We are now ready to accept that OSAS is a cause of some health problems, like diabetes, obesity , hypertension , metabolic syndrome  and serious car crashes  or other accidents due to reduced attention, but does this negative impact on the organism reach up to causing death? There are some proofs that OSAS per se can cause CV disease and death. The Busselton study  of 295 non diabetic subjects reported a Risk Ratio for all cause mortality 6.24 (p=0.002) in subjects with moderate/severe sleep apnea. The Wisconsin Sleep Cohort Study  demonstrated that the adjusted HR for all cause mortality with severe Sleep Disordered Breathing was 3.8 (1.6-9.0). On the basis of these data we hypothesized that OSAS may add a serious burden on the cardiovascular death rate in diabetic patients. We proposed a “three steps route to premature death ”. 1-OSAS precipitates or worsen obesity, Diabetes and hypertension; 2-once diabetes is manifest worsens the HbA1c, and as we demonstrated increases glucose variability; the third step occurs when an OSAS episode in a diabetic with already established vascular damage abruptly reduces the Oxygen supply causing arrhythmias or vascular occlusion in any district. This dramatic event has been demonstrated also for the non diabetic subjects , but due to the precocious and extensive vascular damage may probably occur more frequently in the diabetics.
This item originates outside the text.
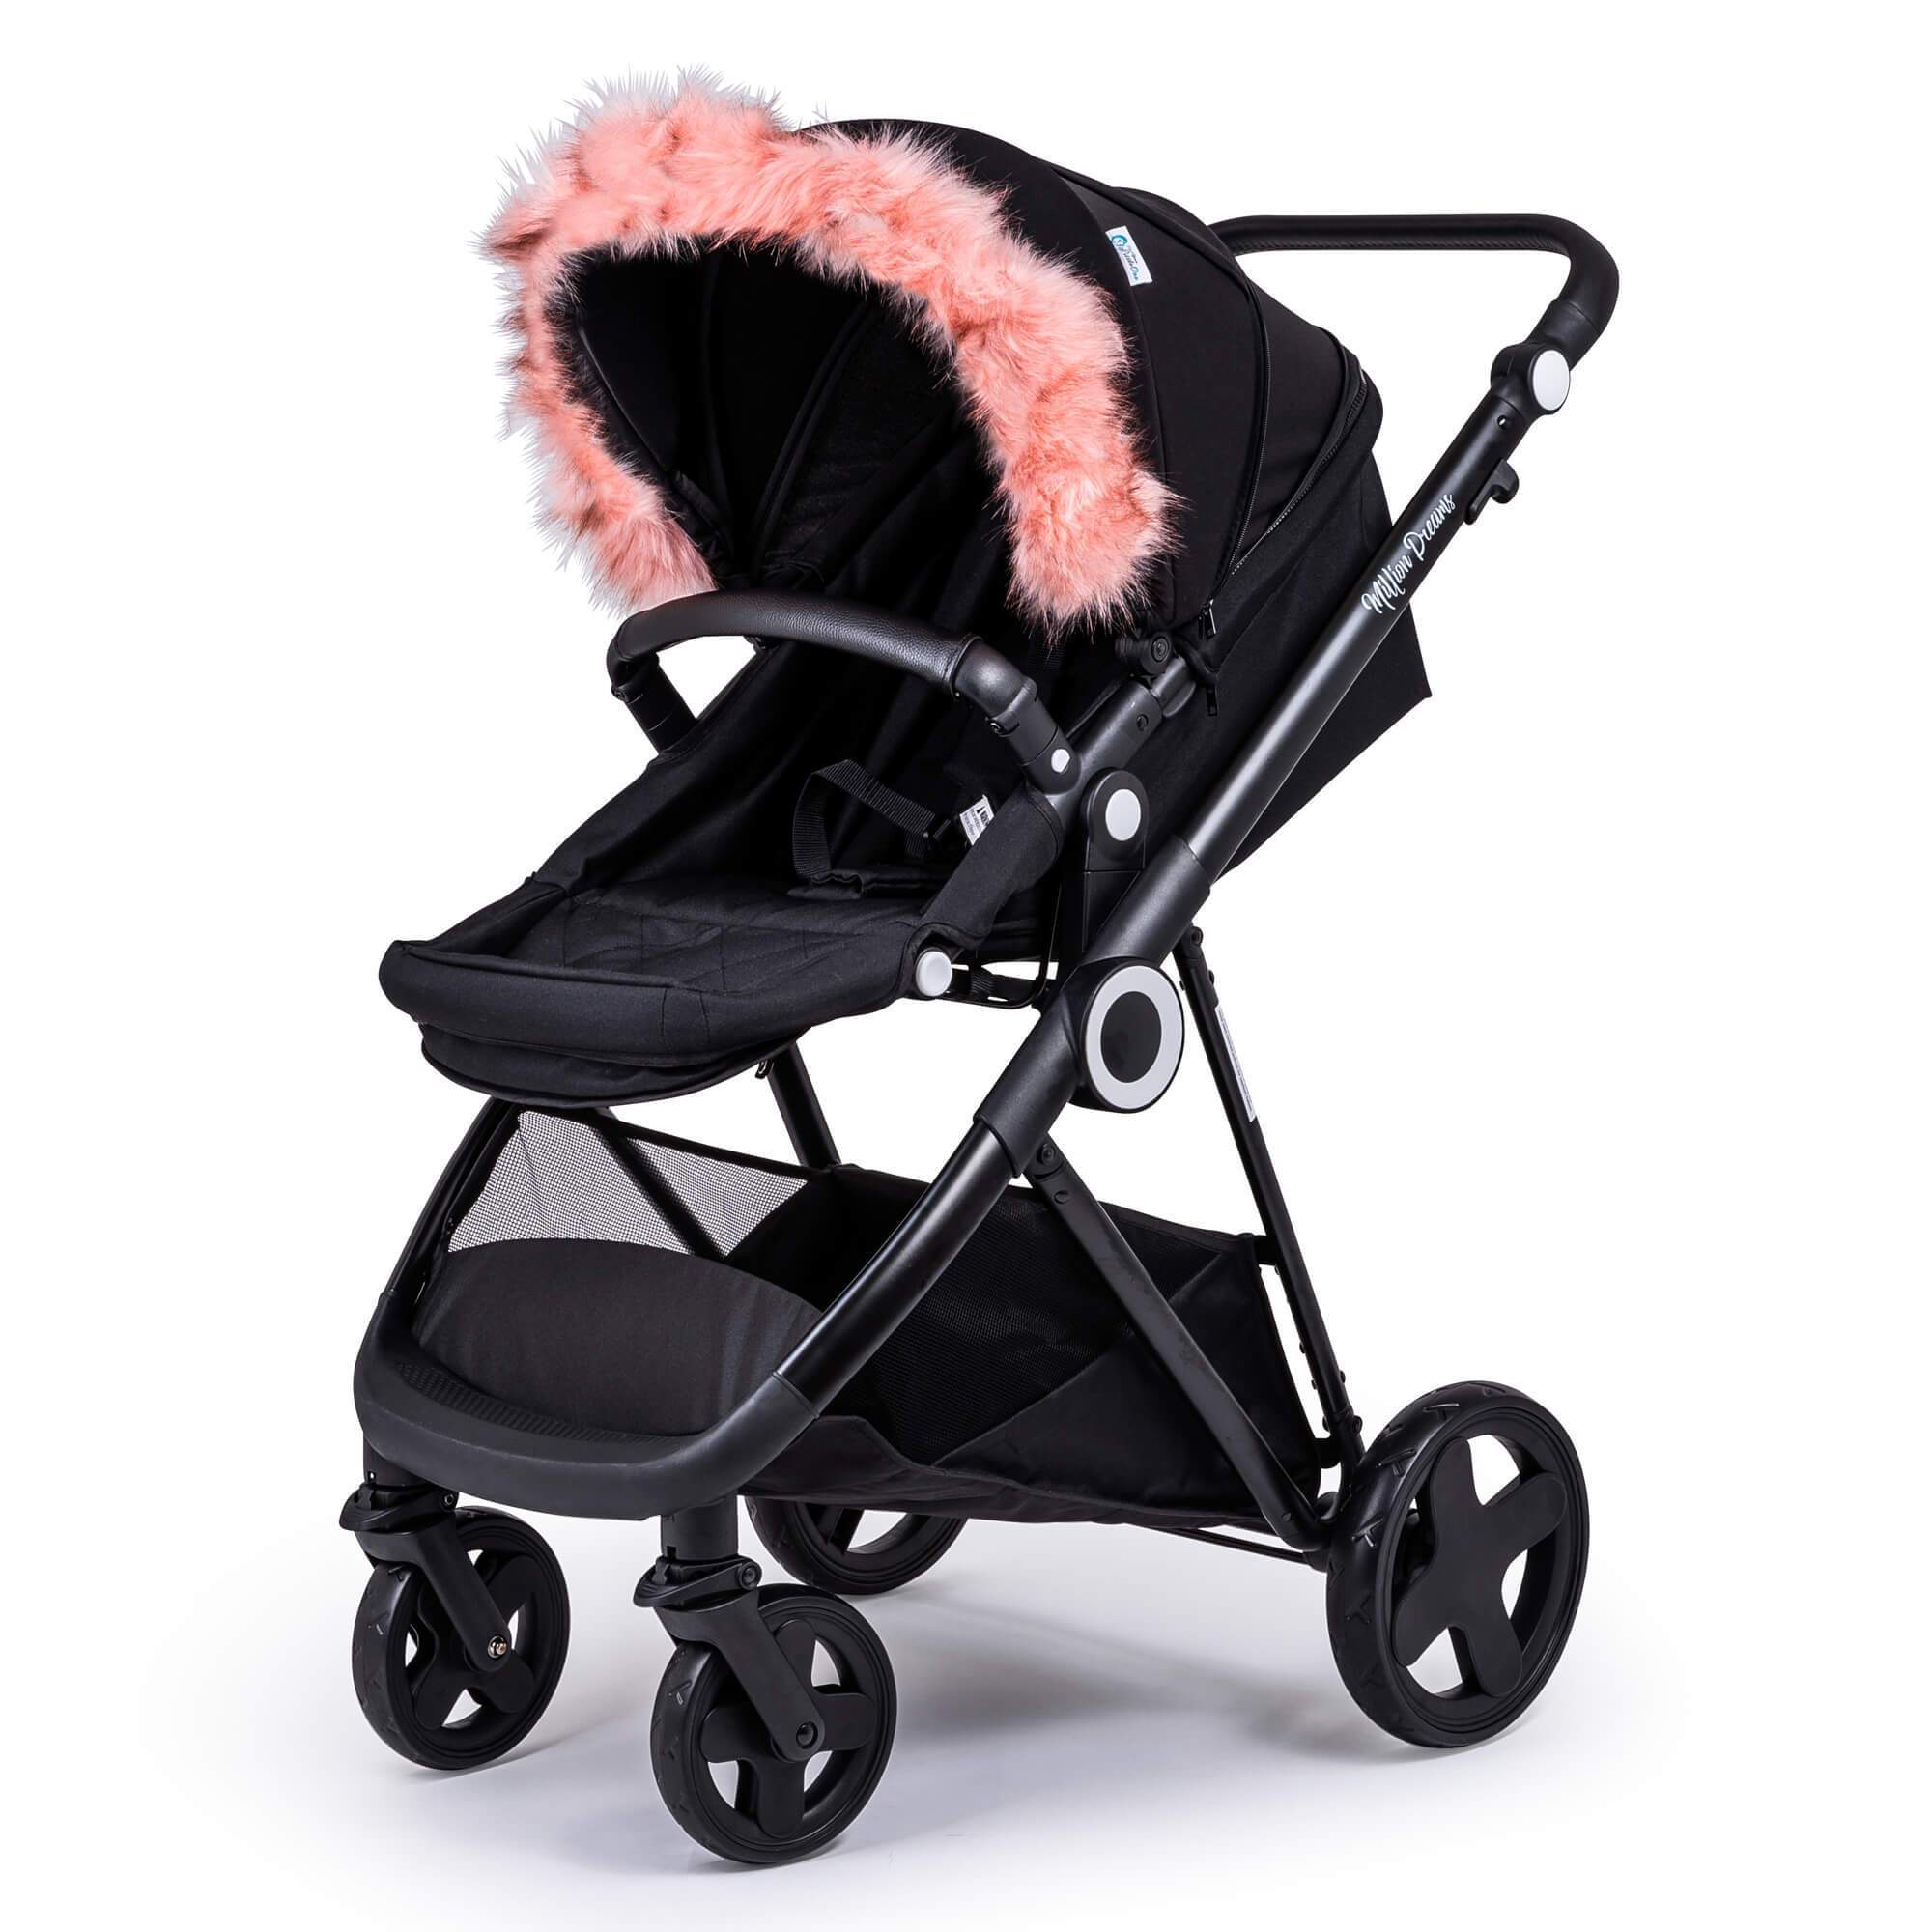 Pram Fur Hood Trim Attachment for Pushchair Compatible with Red Kite - Pink / Fits All Models | For Your Little One

Although there is now much more attention to the presence of OSAS other aspects of the disturbance are still to be evaluated. Although we have some insight the different effect of OSAS and sleep disturbance are not very clear under different pathophysiological conditions. Furthermore we do not know if the respiratory/sleep disturbance has a threshold of risk, if the episodes occurring during the different phases of sleep have a different health impact, if the duration has a role, if the recovery phase may be even more dangerous , if there is any interaction with other diseases. There is a long way before we can state we know what really is going on through the night.